The bill expands Medicare coverage to include acupuncture—broadening access to non-opioid pain treatment and new payment opportunities for providers—while increasing federal costs and creating implementation, licensure, and administrative challenges.
Medicare beneficiaries gain Medicare coverage for acupuncture, increasing access to non-opioid pain treatment options.
Hospitals and institutional providers can receive separate payment for inpatient acupuncturist services, encouraging integration of acupuncture into inpatient care.
Licensed acupuncturists and qualifying practitioners can bill Medicare under the physician fee schedule, creating a new revenue source and expanding provider opportunities.
Taxpayers and Medicare beneficiaries face increased federal spending and potential higher program costs due to expanded coverage.
Medicare beneficiaries and practitioners may see inconsistent provider eligibility and access across states because state licensure varies and the Secretary must apply criteria, producing uneven implementation.
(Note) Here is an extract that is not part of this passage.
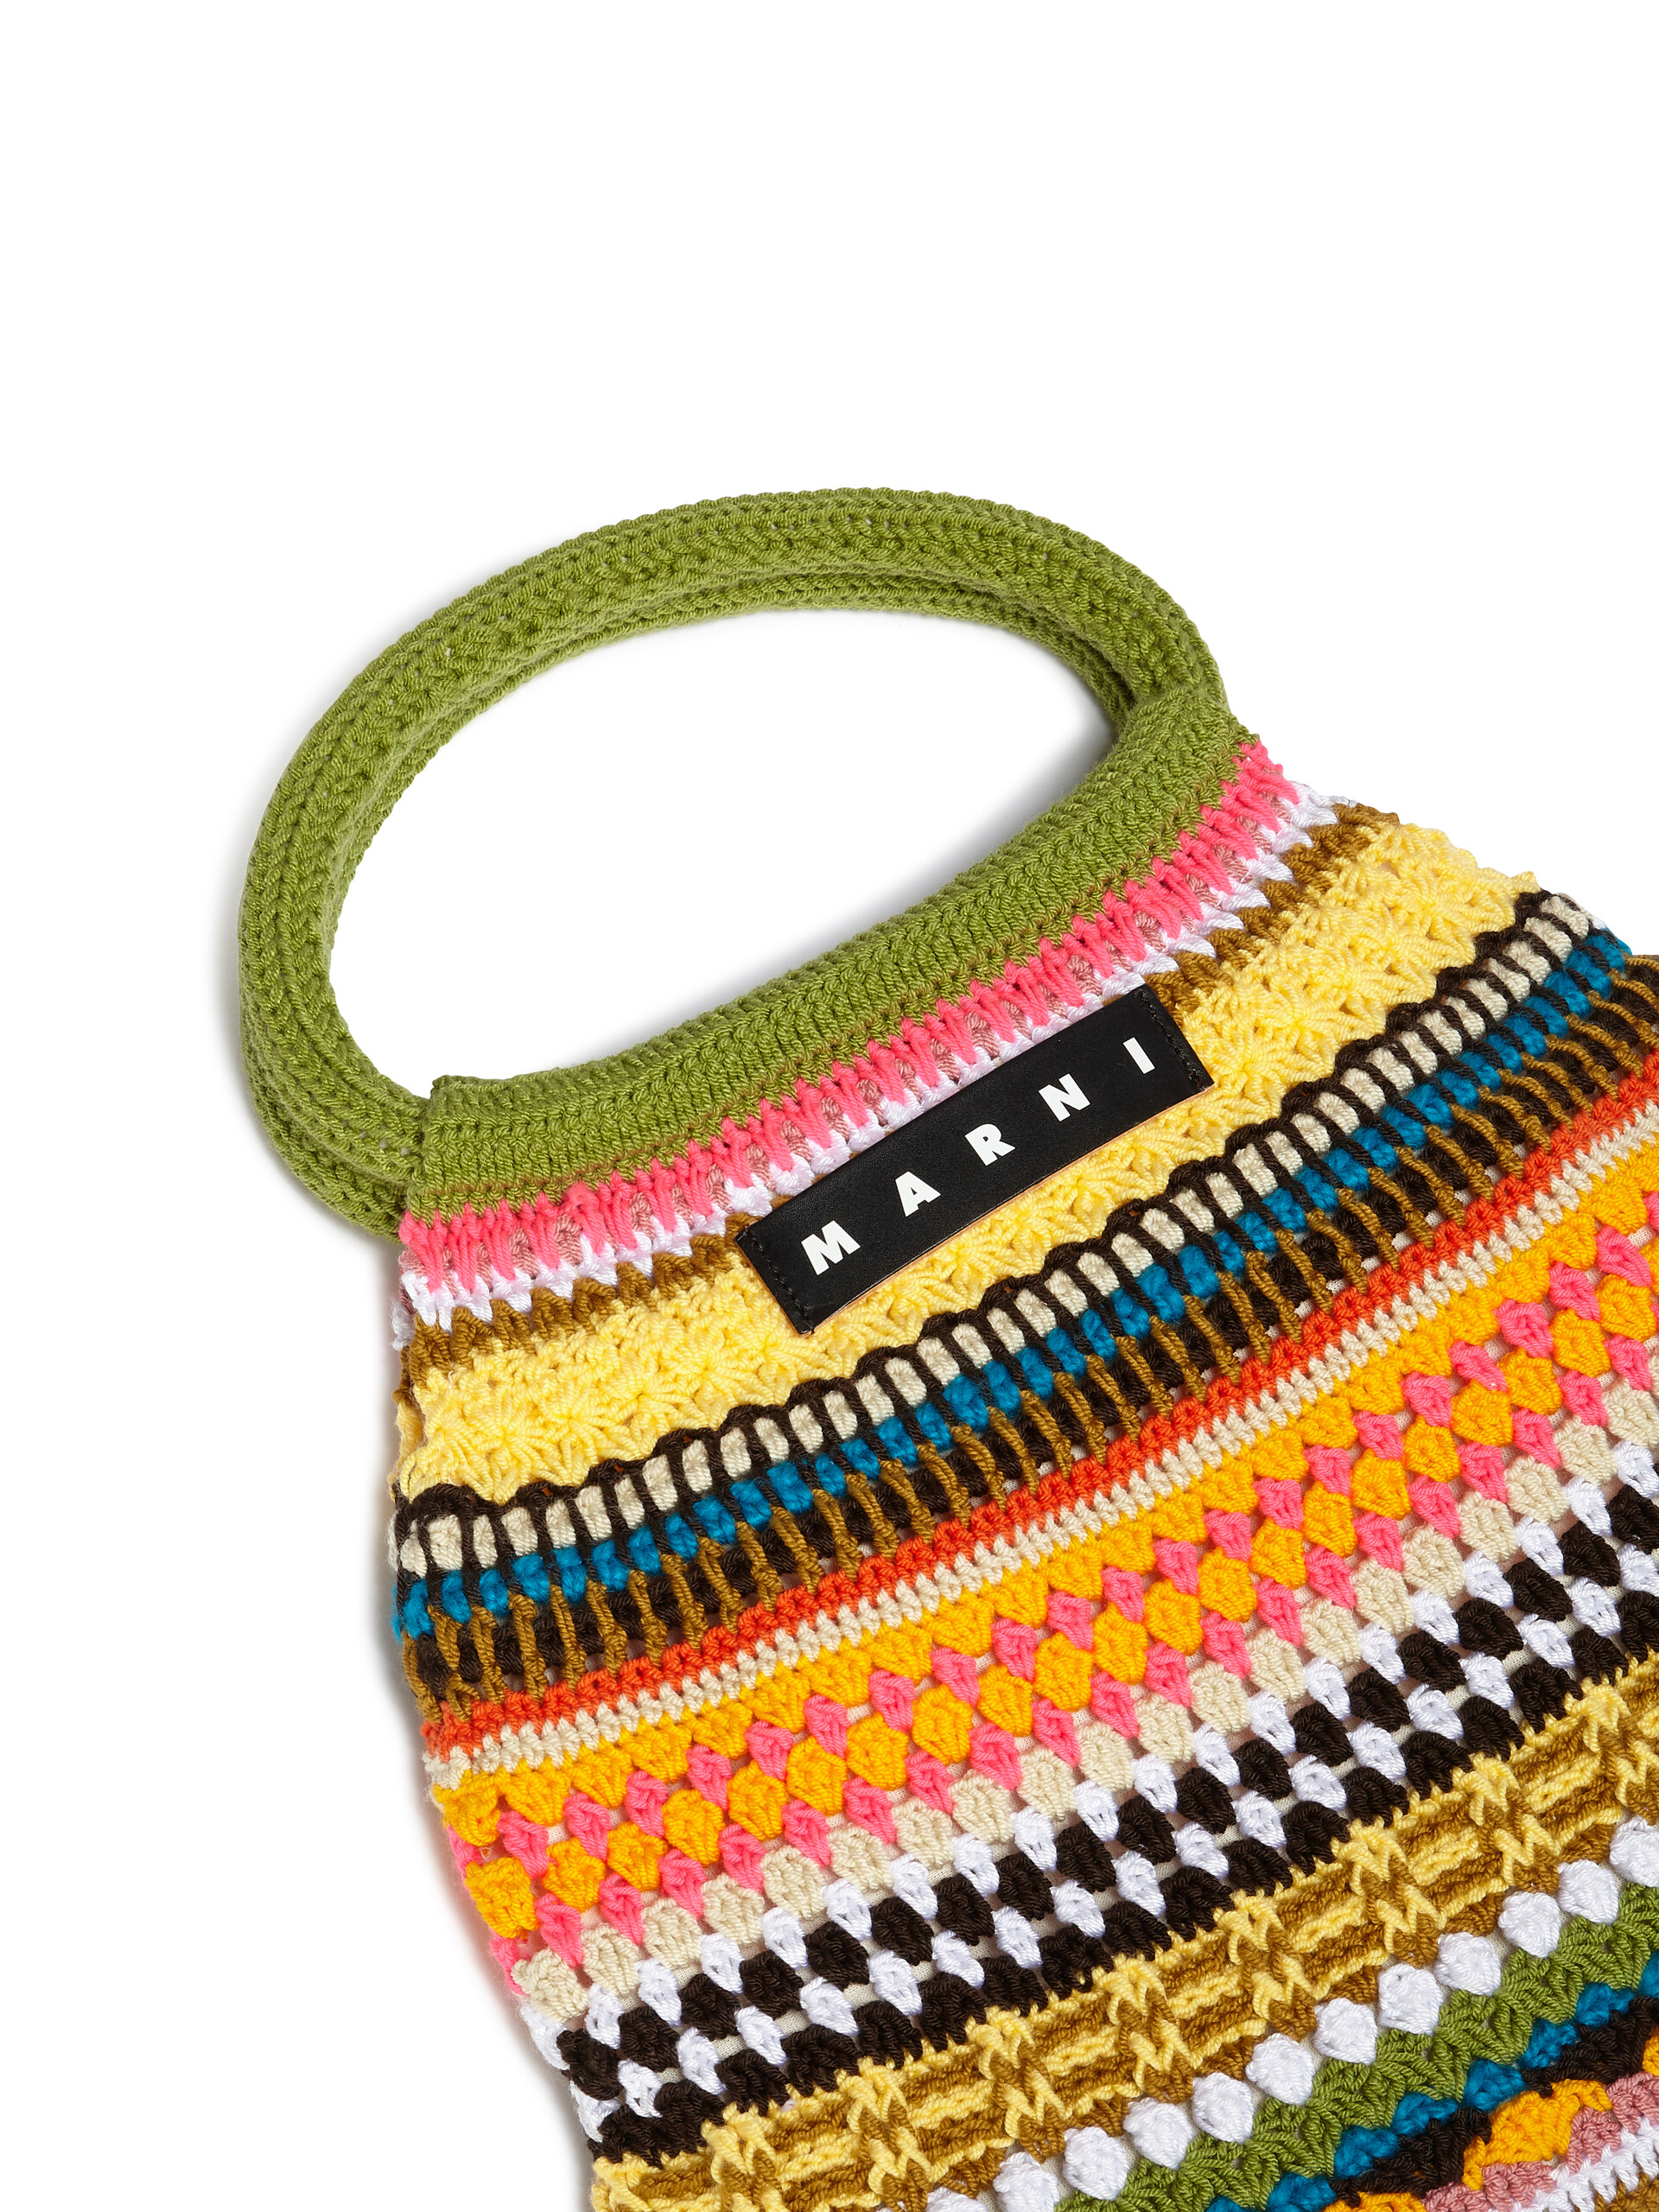 MARNI MARKET GRANNY bag in green crochet - Furniture - Image 4

Hospitals, providers, and CMS will face increased billing complexity and administrative burden during implementation (new coding, billing rules, accreditation), which could slow adoption and raise compliance costs.
Based on analysis of 2 sections of legislative text.
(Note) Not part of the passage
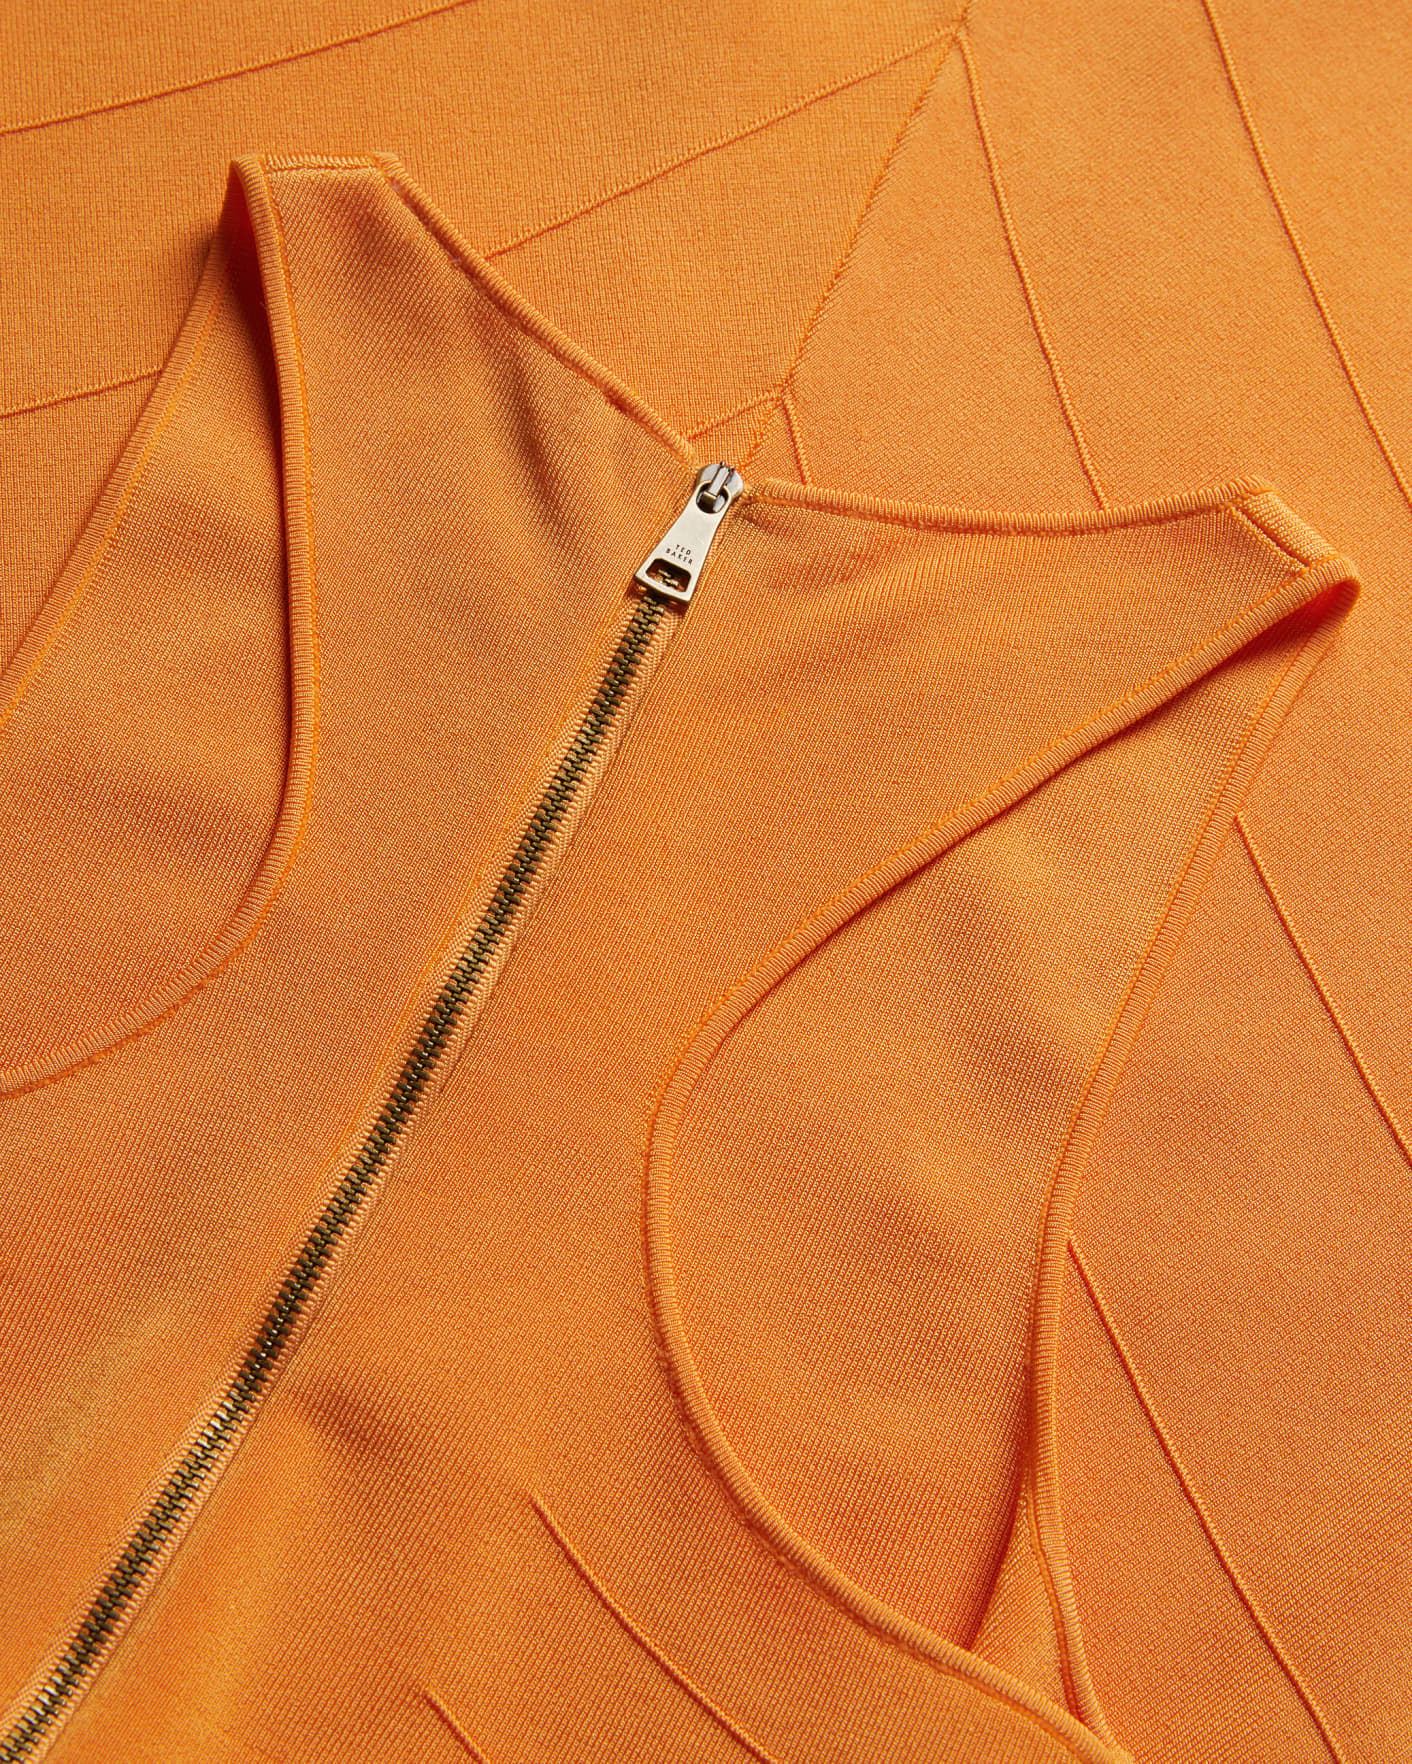 Dark Orange Rayon Flippy Knit Dress Ted Baker

Adds qualified acupuncturist services to Medicare Part B, defines eligible providers, and makes those services payable under physician payment and billing rules.
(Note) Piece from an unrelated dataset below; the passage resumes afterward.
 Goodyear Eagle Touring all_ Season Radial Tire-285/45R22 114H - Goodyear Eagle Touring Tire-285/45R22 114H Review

Introduced February 27, 2025 by Judy Chu · Last progress February 27, 2025
Adds coverage of qualified acupuncturist services to Medicare Part B, defining who counts as a qualified acupuncturist and making acupuncture services payable under Medicare’s existing physician payment and billing rules. The law requires CMS to treat licensed acupuncturists (or, where a State has no acupuncturist licensure, persons meeting Secretary-established criteria such as national certification, and physicians authorized by State law) as eligible providers and makes acupuncture separately payable for institutional and inpatient settings. Changes take effect for services furnished on or after 270 days after enactment, and adjust several Medicare billing and payment rules so acupuncture is reimbursed under the physician fee schedule and billed like other practitioners.